About this exercise. Restate word for word each line from the one containing "Truck hits vehicles" through the end of the material, and nothing more. Drop every picture.

Dataset section.

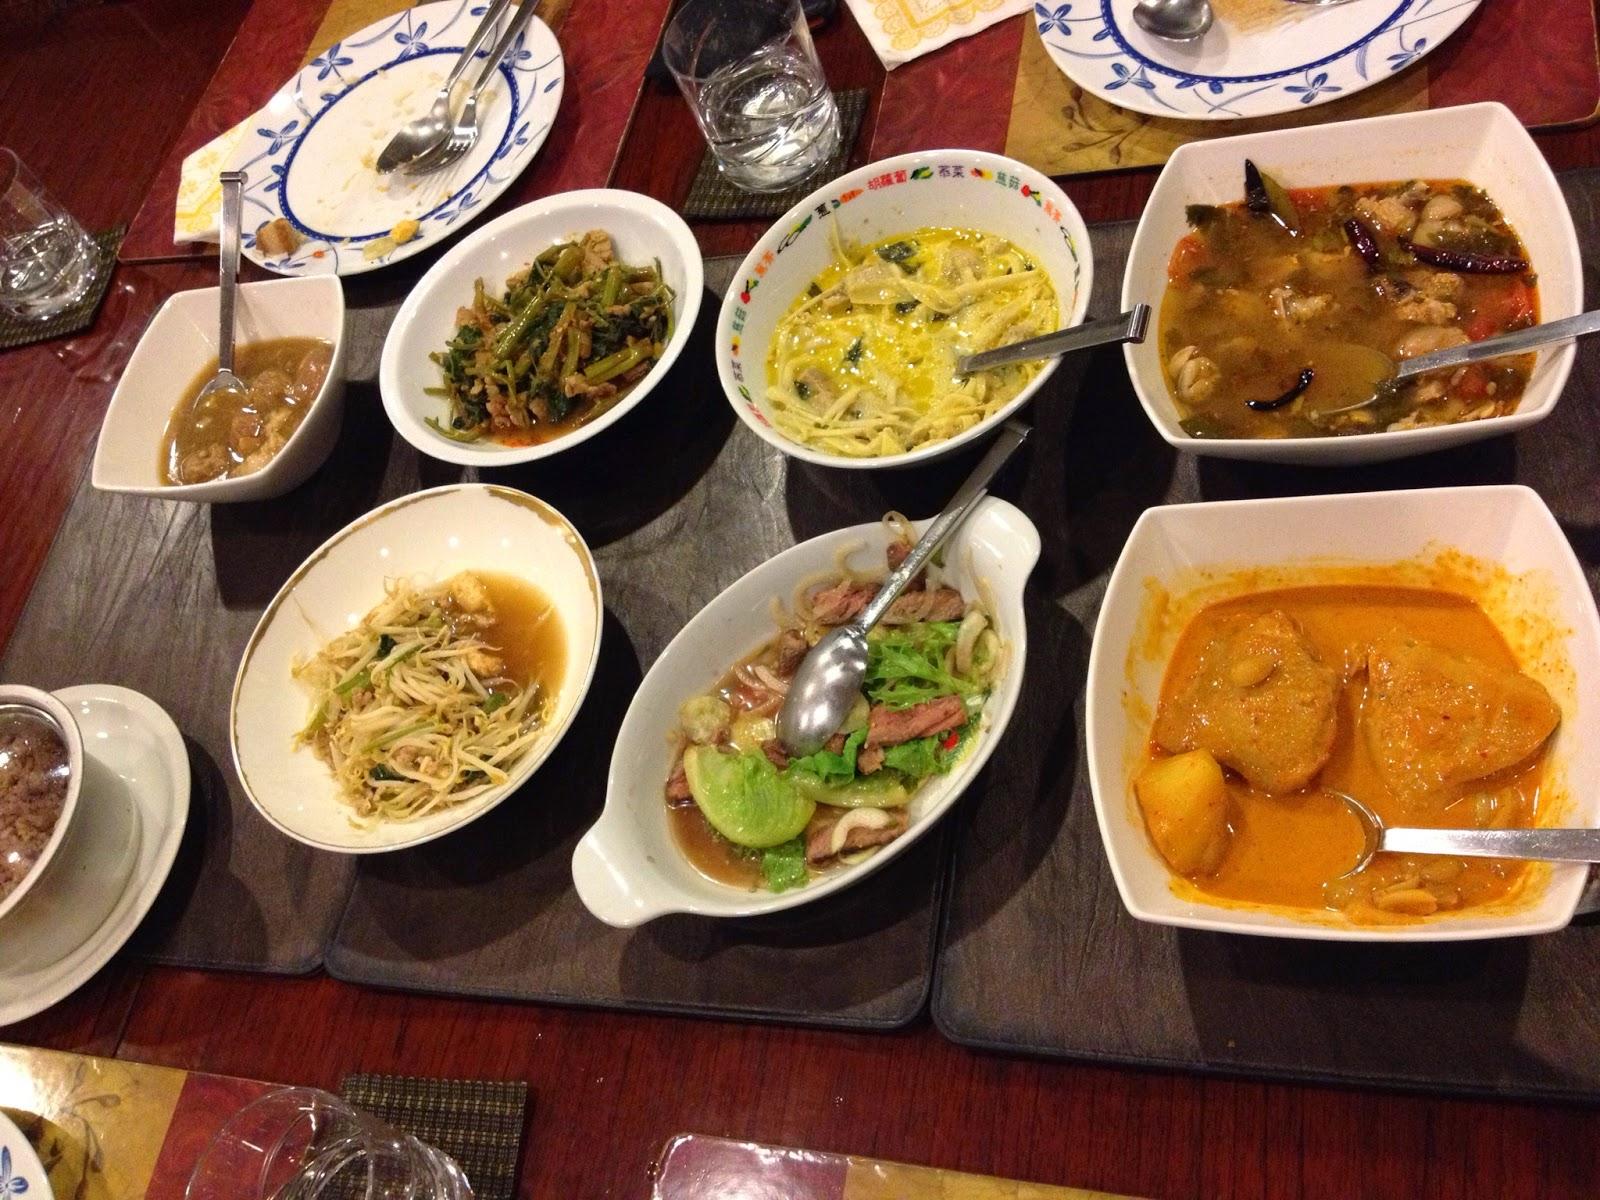 Bangkok - Home cooked meal
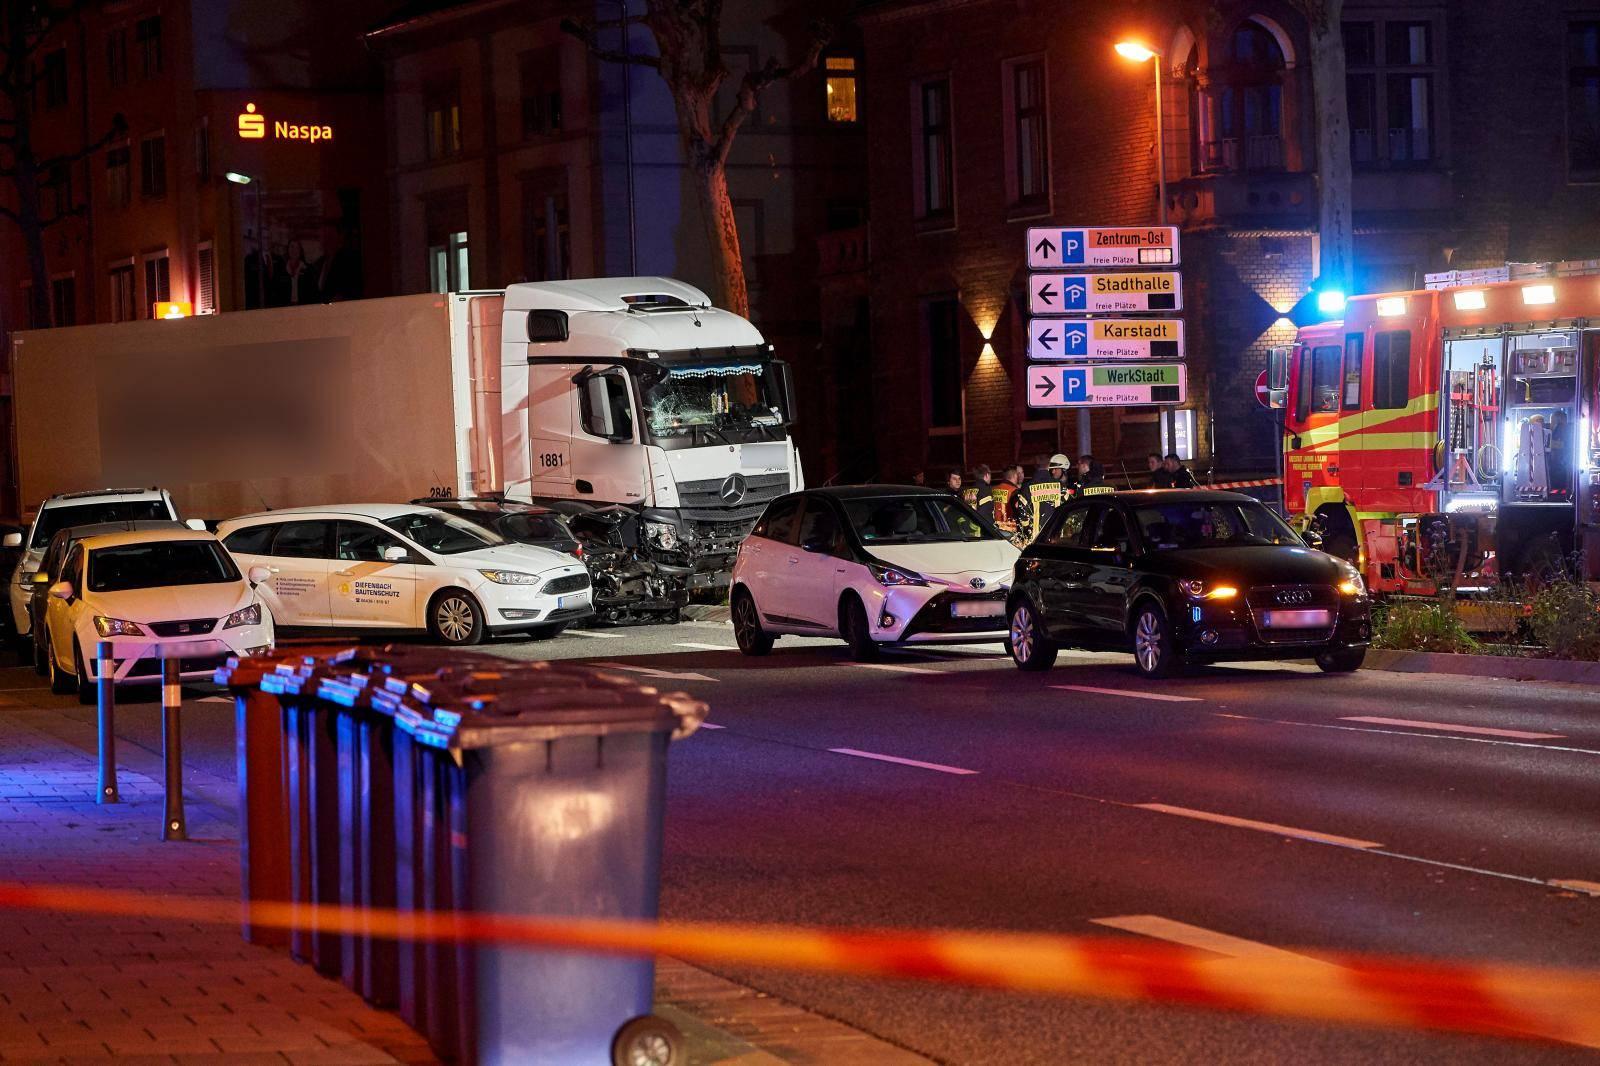 Truck hits vehicles - A seriously injured man
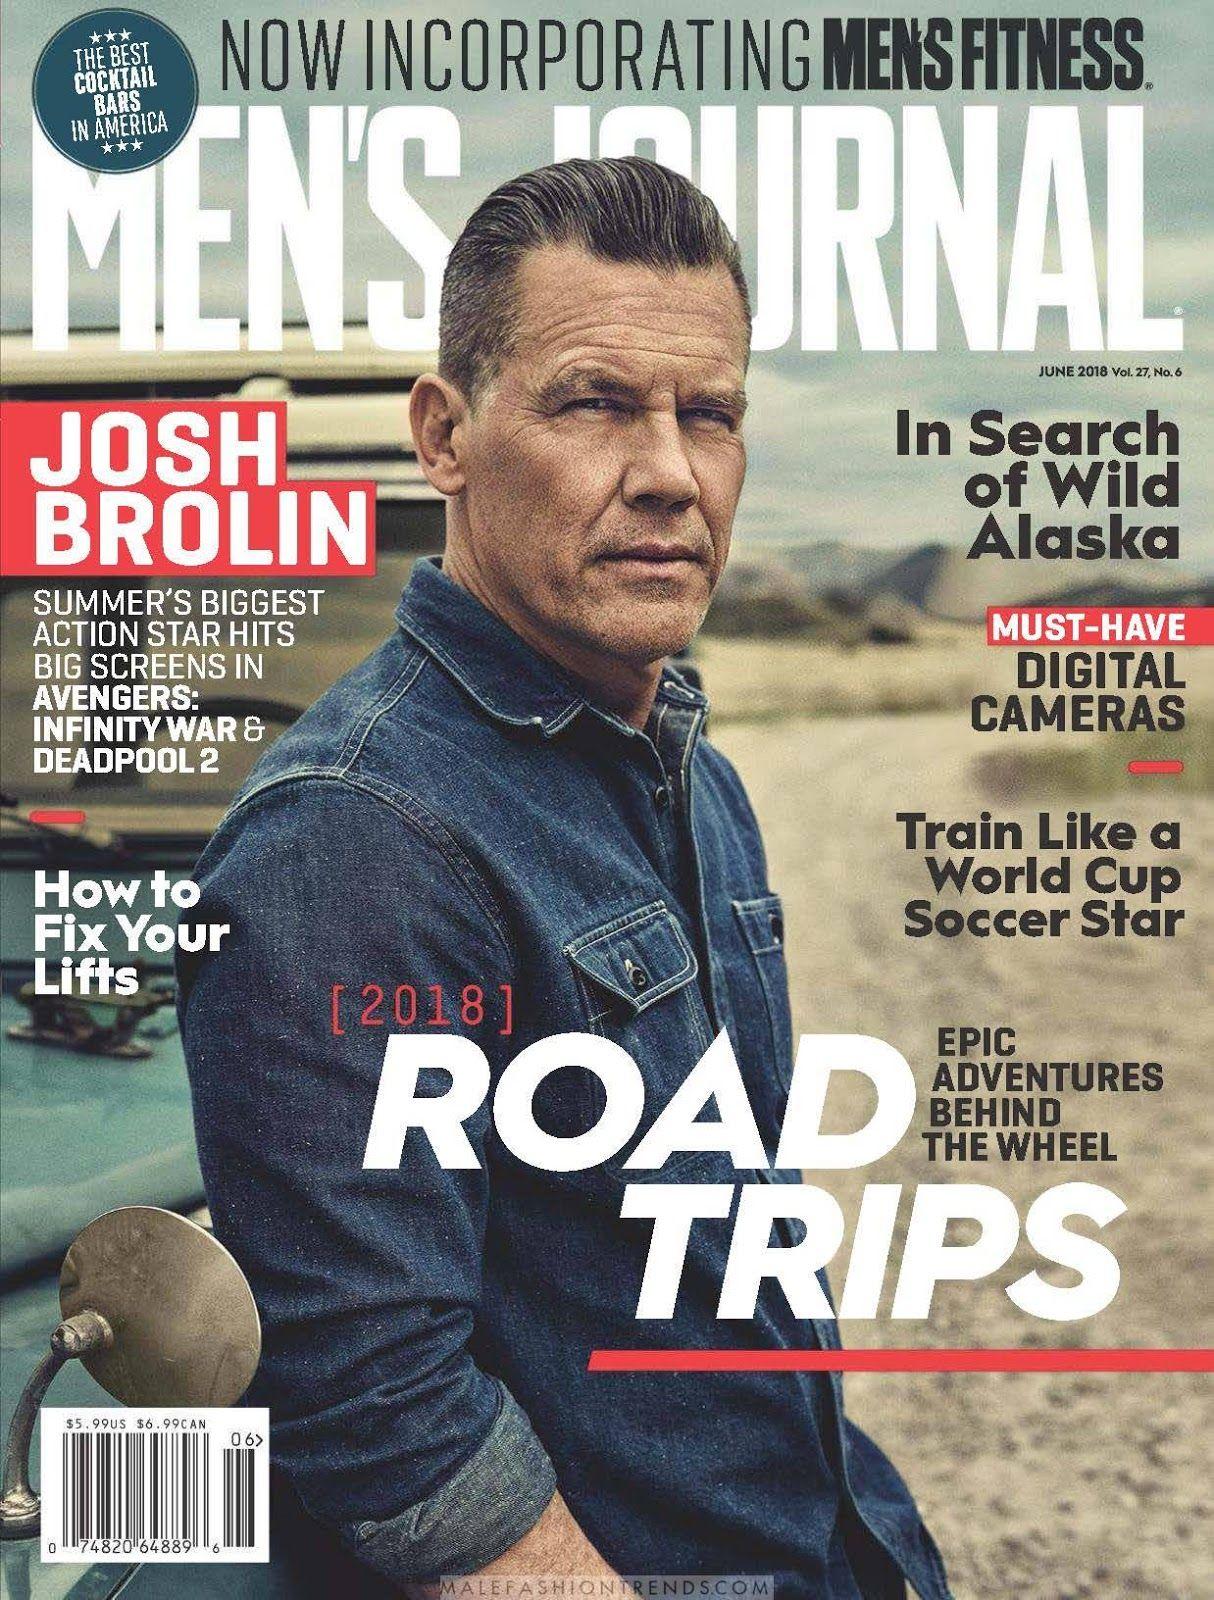 Josh Brolin for Mens Journal Magazine By Miller Mobley

Solution for this problem.
 Truck hits vehicles - A seriously injured man
 Josh Brolin for Mens Journal Magazine By Miller Mobley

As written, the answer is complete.